◆ Task goal ◆
If pictures appear in the lines below, skip them and copy exactly the lines from the one containing "Dudu e Borja" through the one containing "(Color : Blue)", and nothing else.

◆ Task material ◆

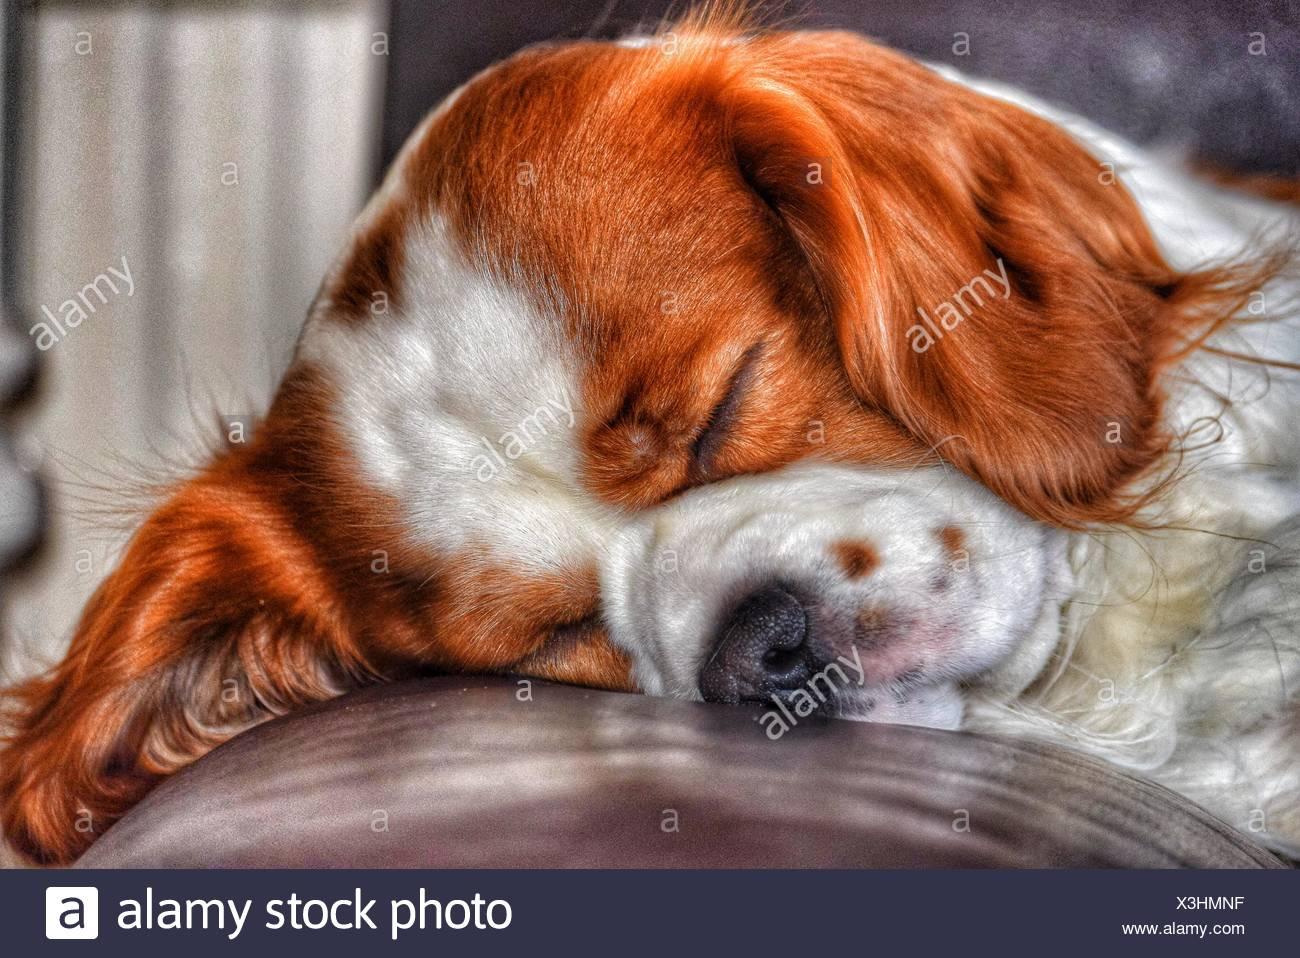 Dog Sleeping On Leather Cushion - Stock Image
* * *
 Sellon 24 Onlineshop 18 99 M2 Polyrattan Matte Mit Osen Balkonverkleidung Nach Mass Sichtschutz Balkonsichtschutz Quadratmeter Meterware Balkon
* * *
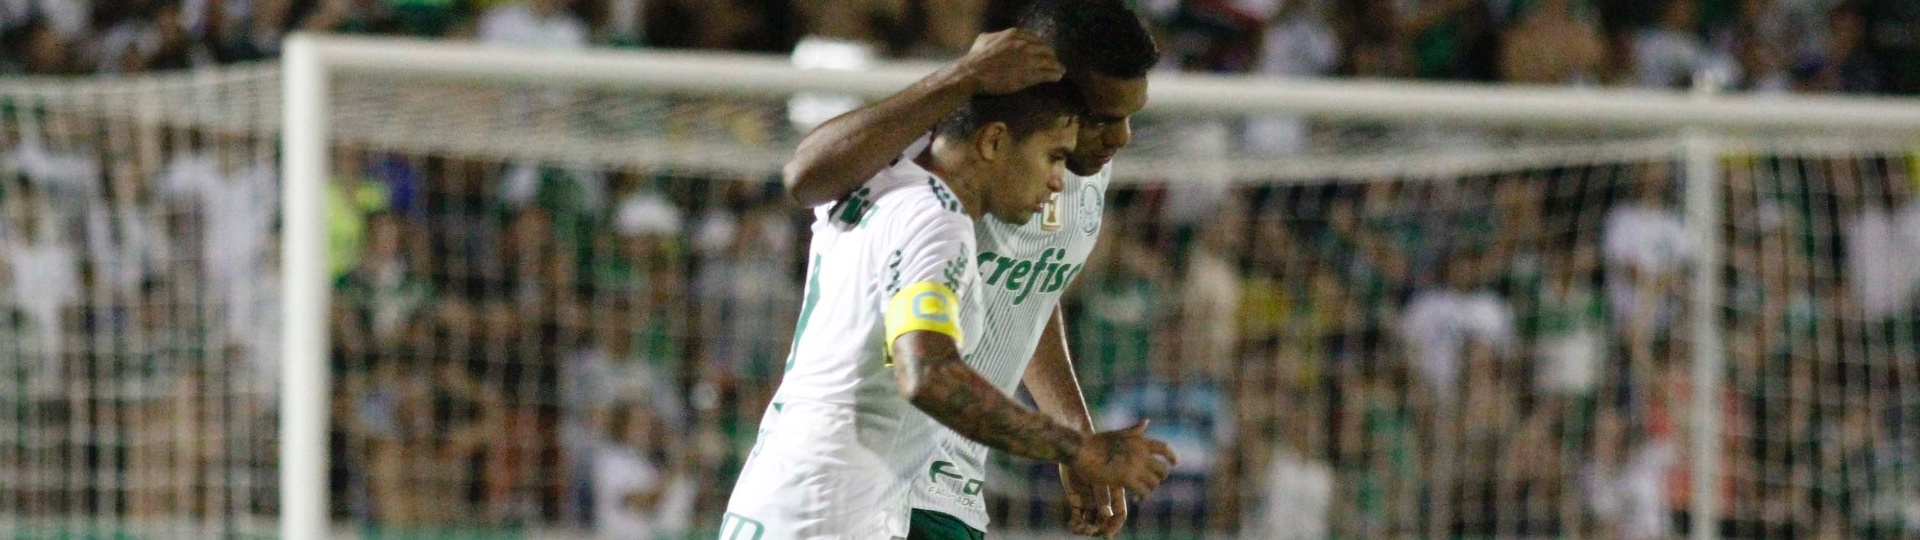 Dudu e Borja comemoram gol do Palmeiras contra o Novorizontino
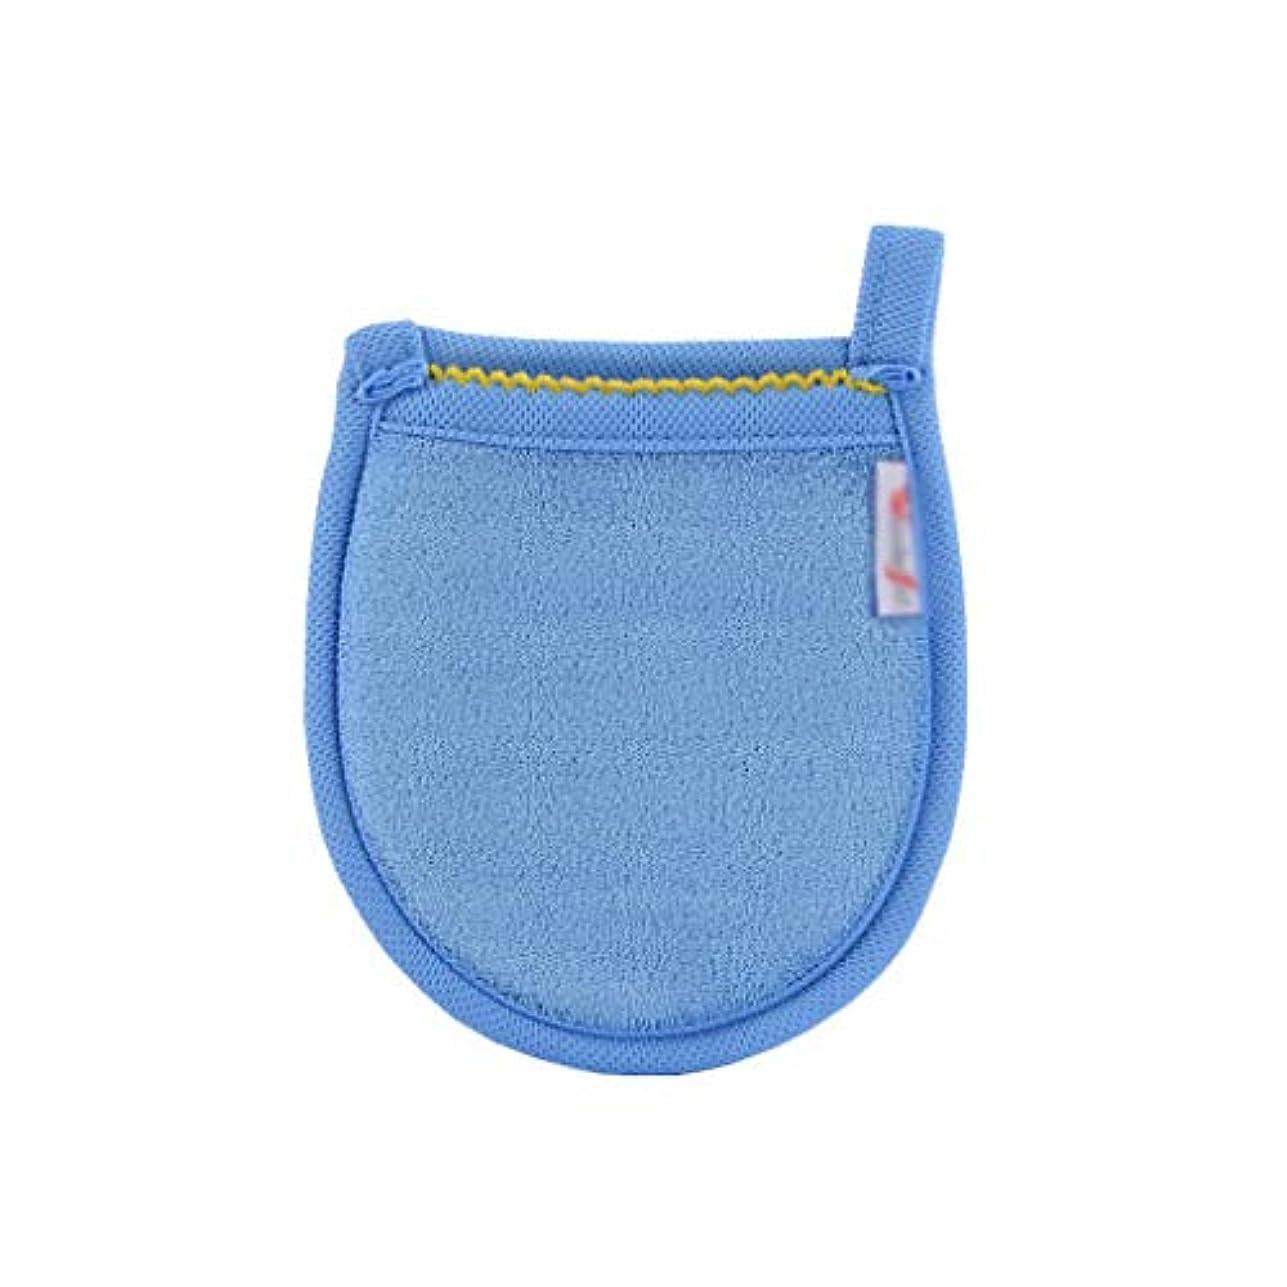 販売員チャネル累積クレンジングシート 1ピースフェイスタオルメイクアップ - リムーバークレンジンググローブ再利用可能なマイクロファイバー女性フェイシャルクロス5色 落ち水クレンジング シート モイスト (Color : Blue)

◆ Response to the task ◆
 Dudu e Borja comemoram gol do Palmeiras contra o Novorizontino
 販売員チャネル累積クレンジングシート 1ピースフェイスタオルメイクアップ - リムーバークレンジンググローブ再利用可能なマイクロファイバー女性フェイシャルクロス5色 落ち水クレンジング シート モイスト (Color : Blue)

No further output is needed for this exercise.